What you should do | Transcribed word for word, the lines below from the one with "三部構成・オーケストラの感動的なバラードの再生済みの波形" through the last line of the records form the answer; no picture is to be included.

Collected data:

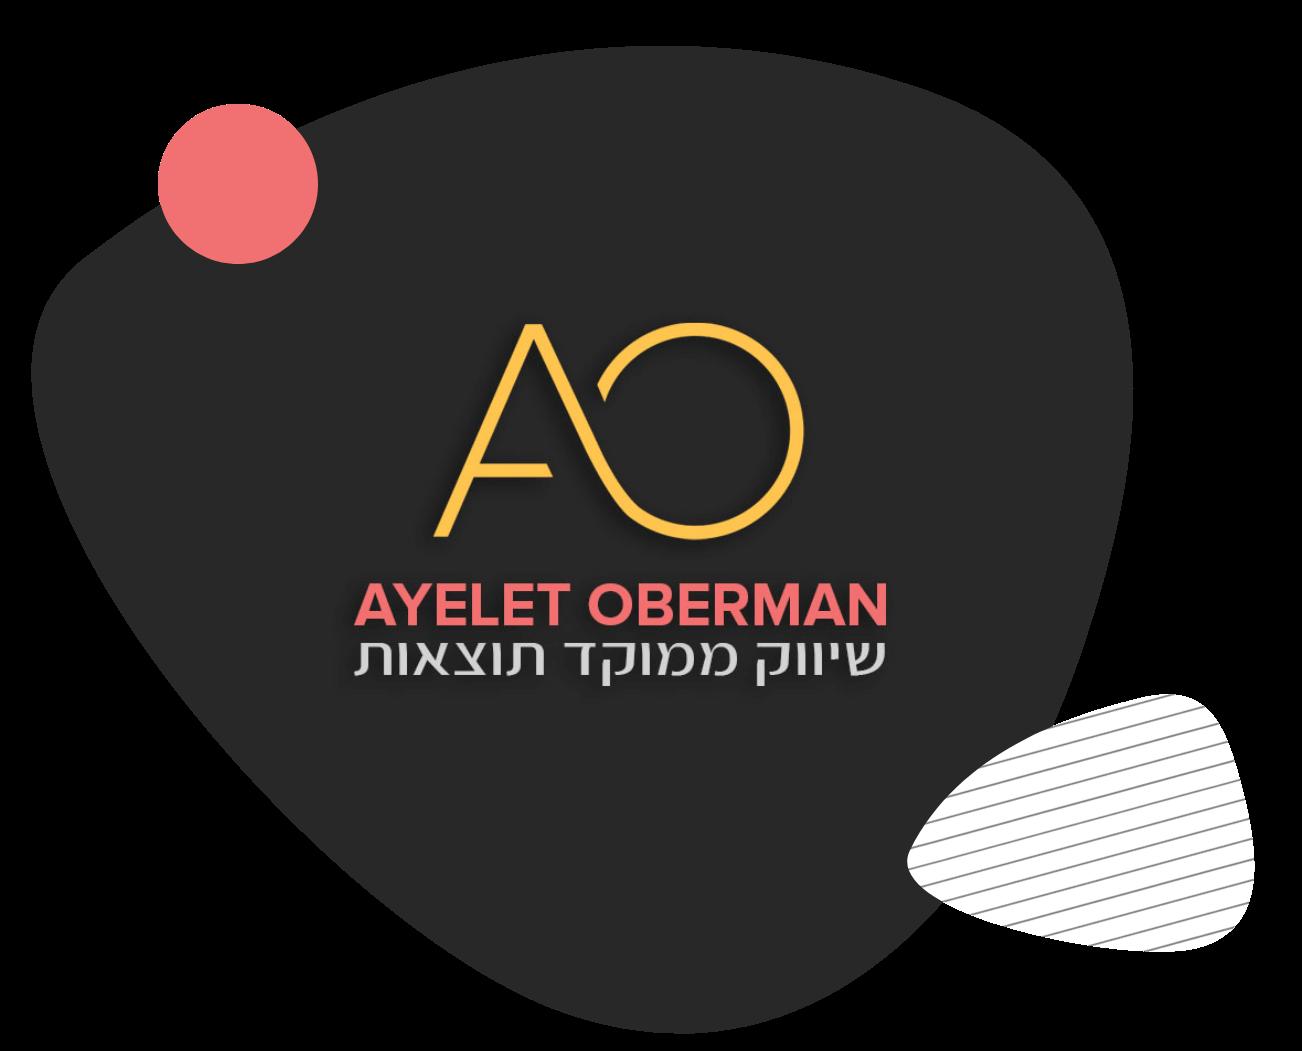 איילת אוברמן - שיווק ממוקד תוצאות
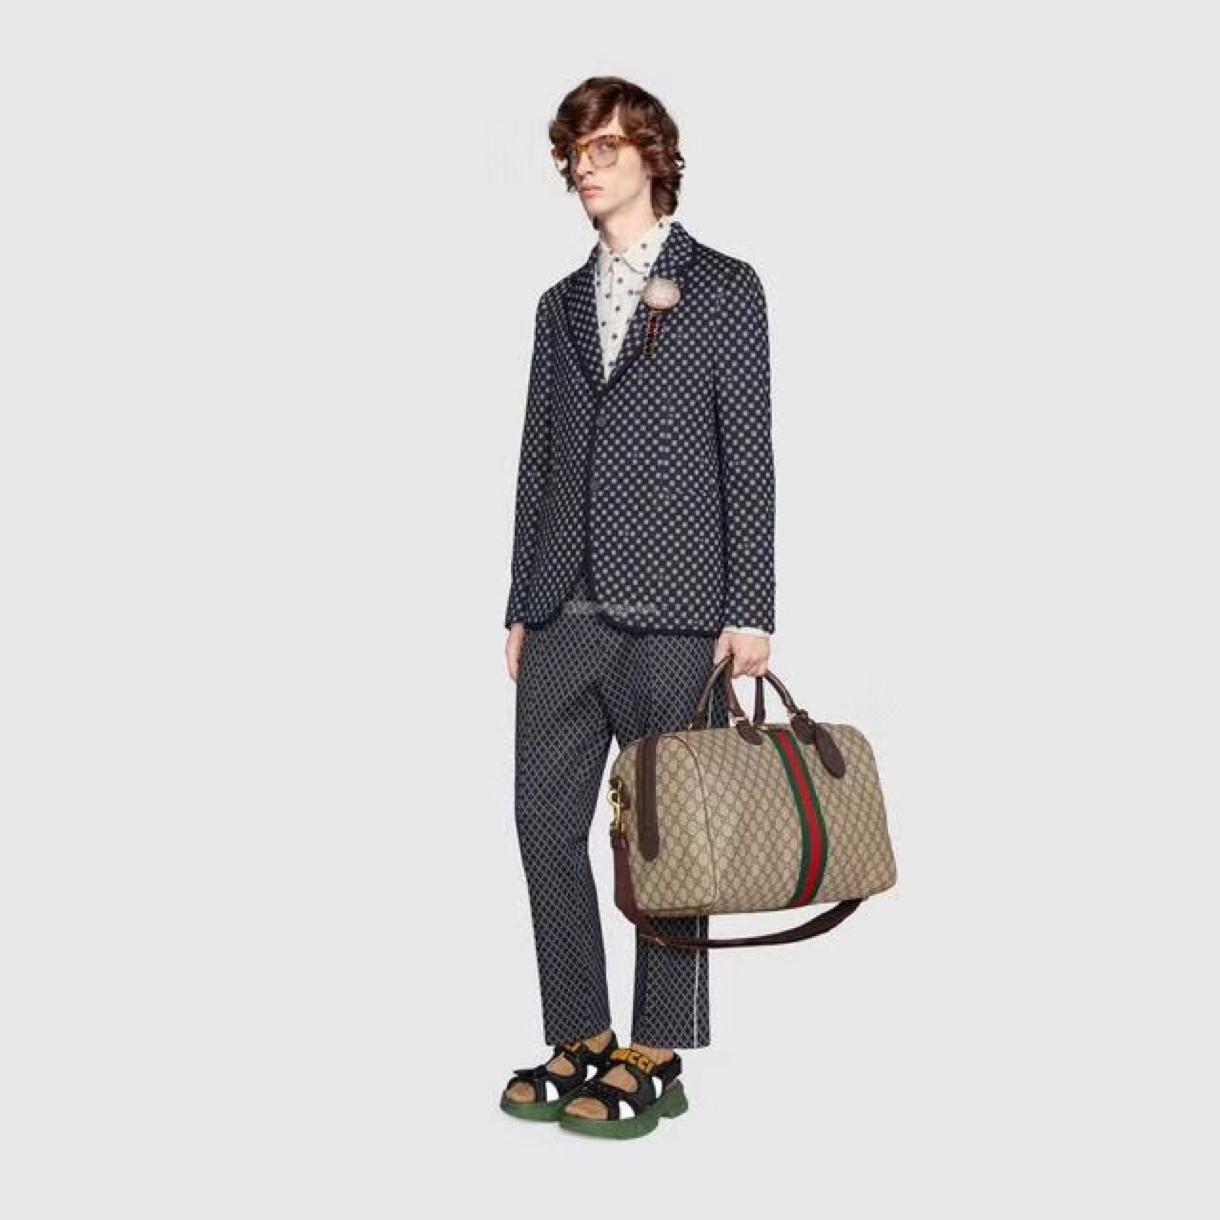 2020 Moda de asas marrón bolsas de función de varios hombres monederos de los bolsos de alta calidad bolsa de mano Negro francés de lona unisex de las mujeres 010502 010607
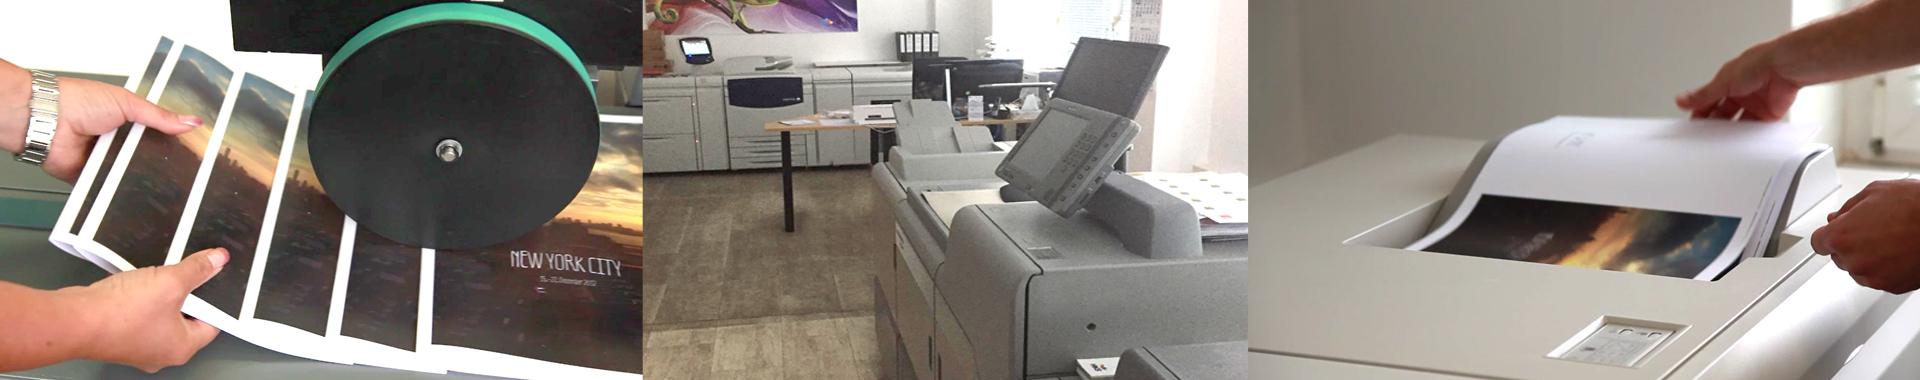 Die Druckerei für Berlin und Umland, Druck von Prospekten, Visitenkarten, Flyer, Briefpapier, Geschäftspapiere, offset und digital
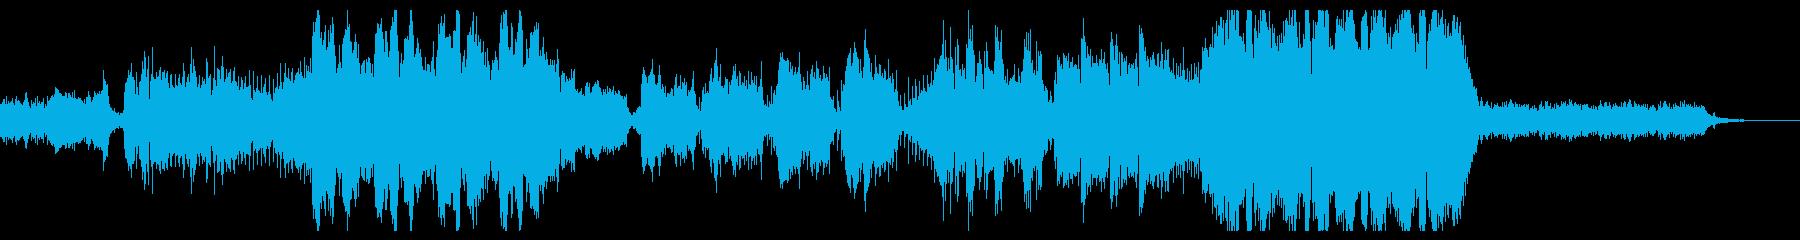 三部構成・オーケストラの感動的なバラードの再生済みの波形
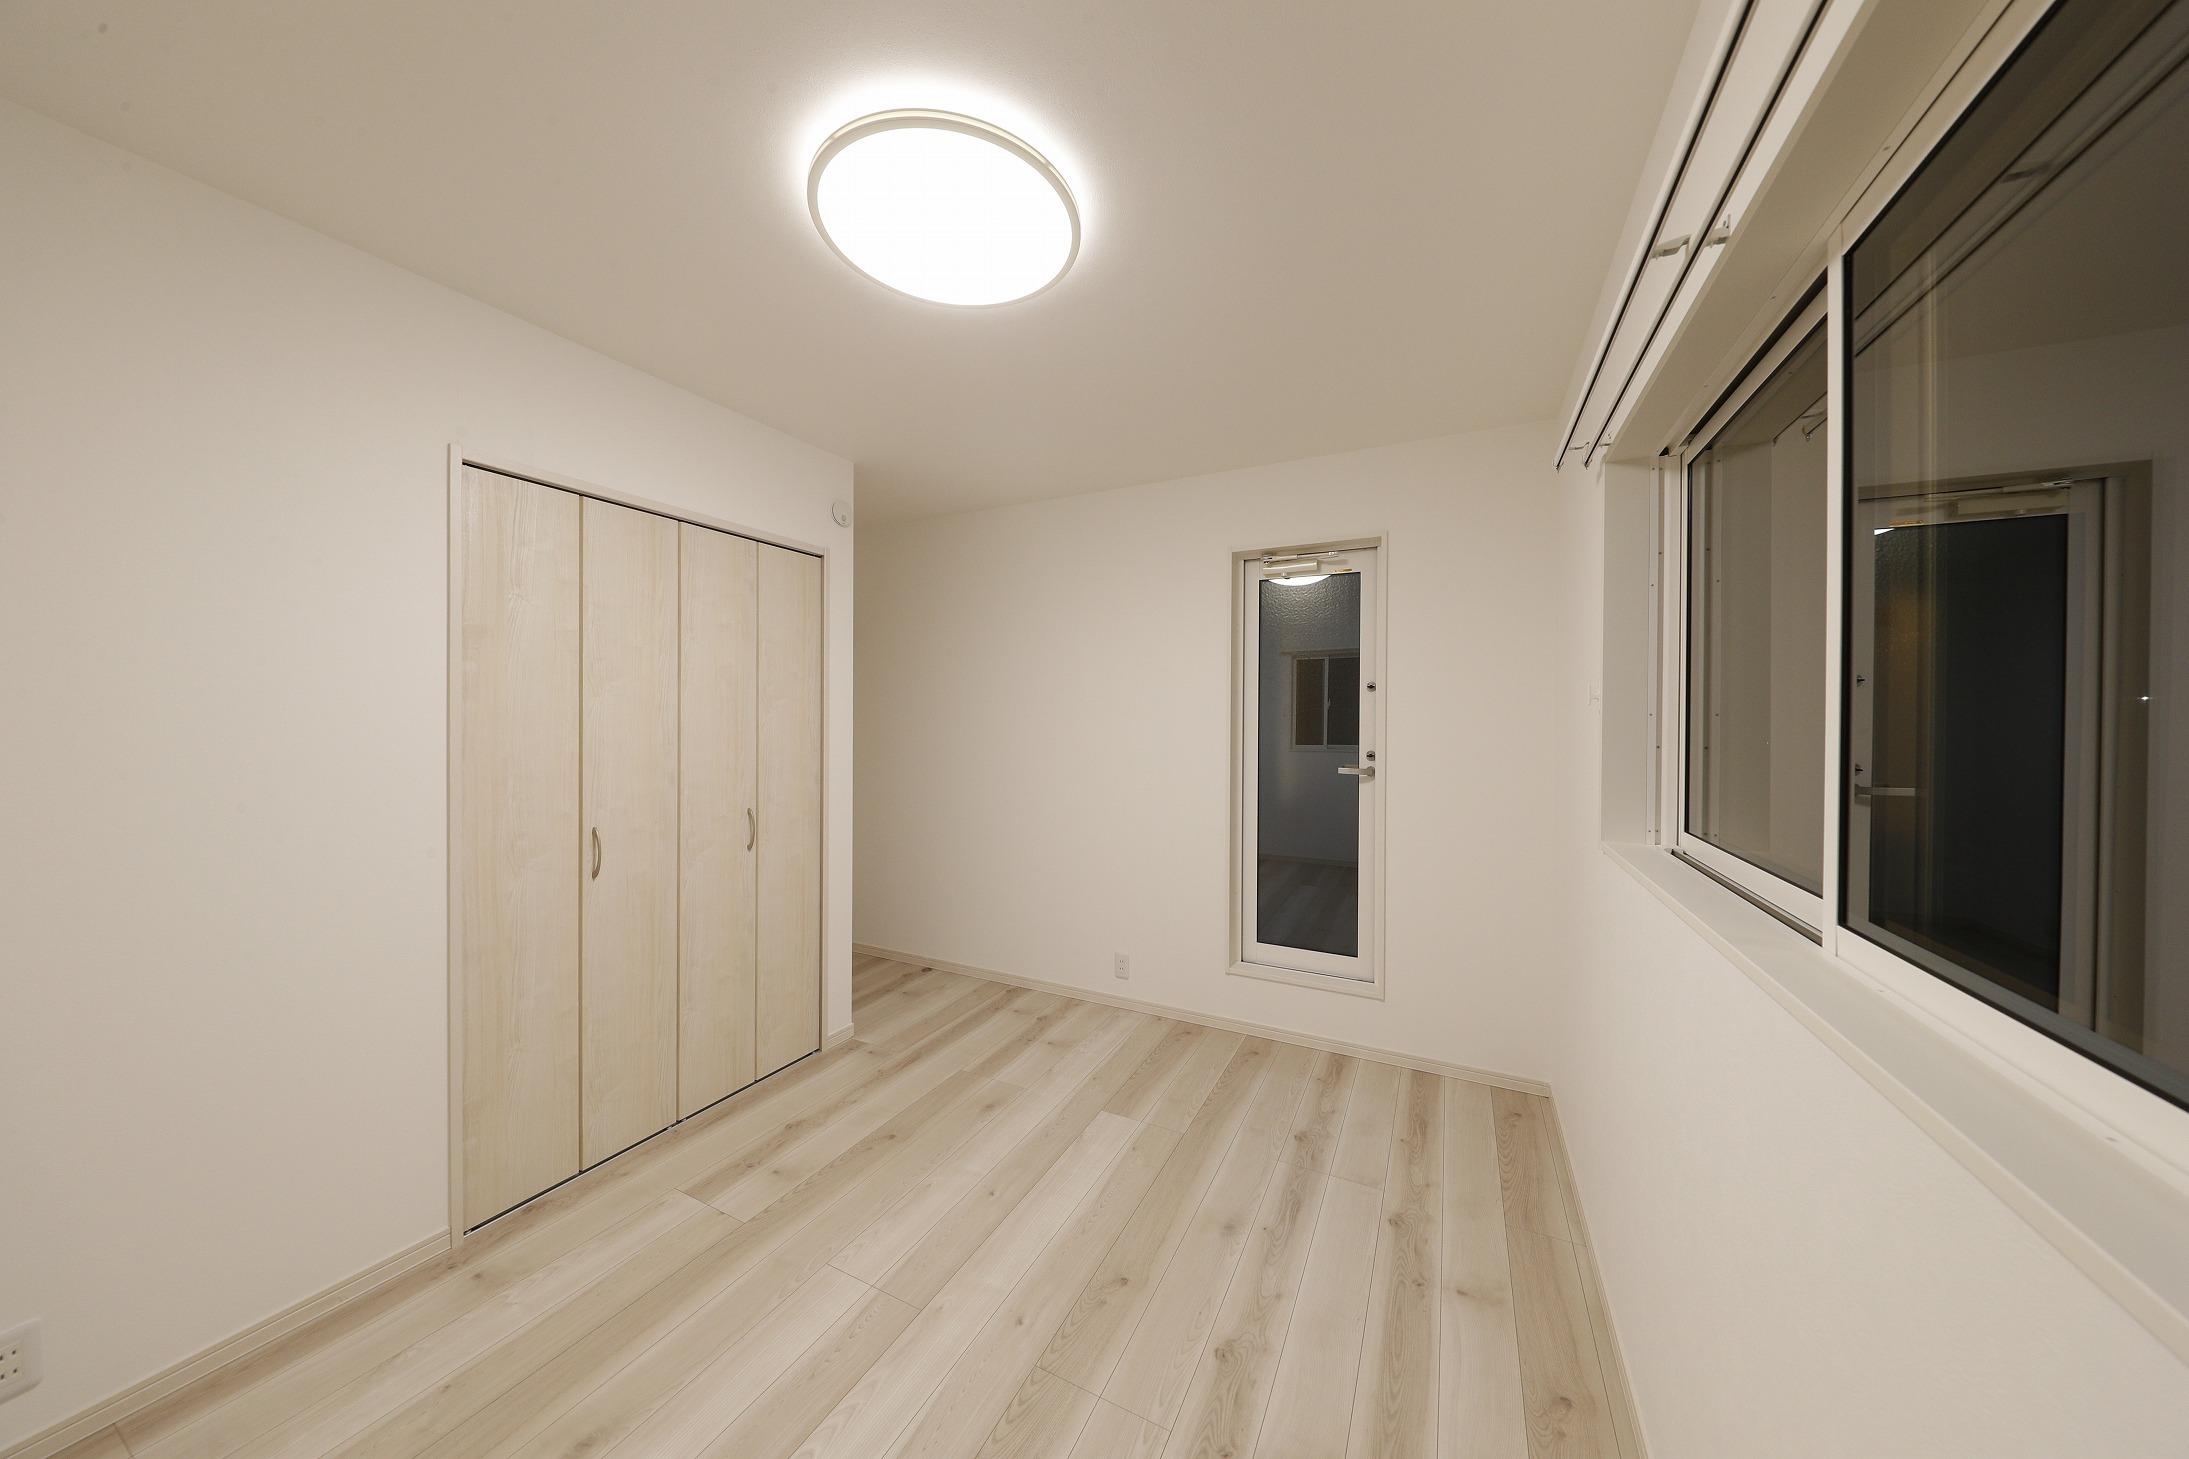 新築建売 2階建て4LDKのご紹介⑧‼_d0099965_09050771.jpg

Answer to this exercise |
 三部構成・オーケストラの感動的なバラードの再生済みの波形
 新築建売 2階建て4LDKのご紹介⑧‼_d0099965_09050771.jpg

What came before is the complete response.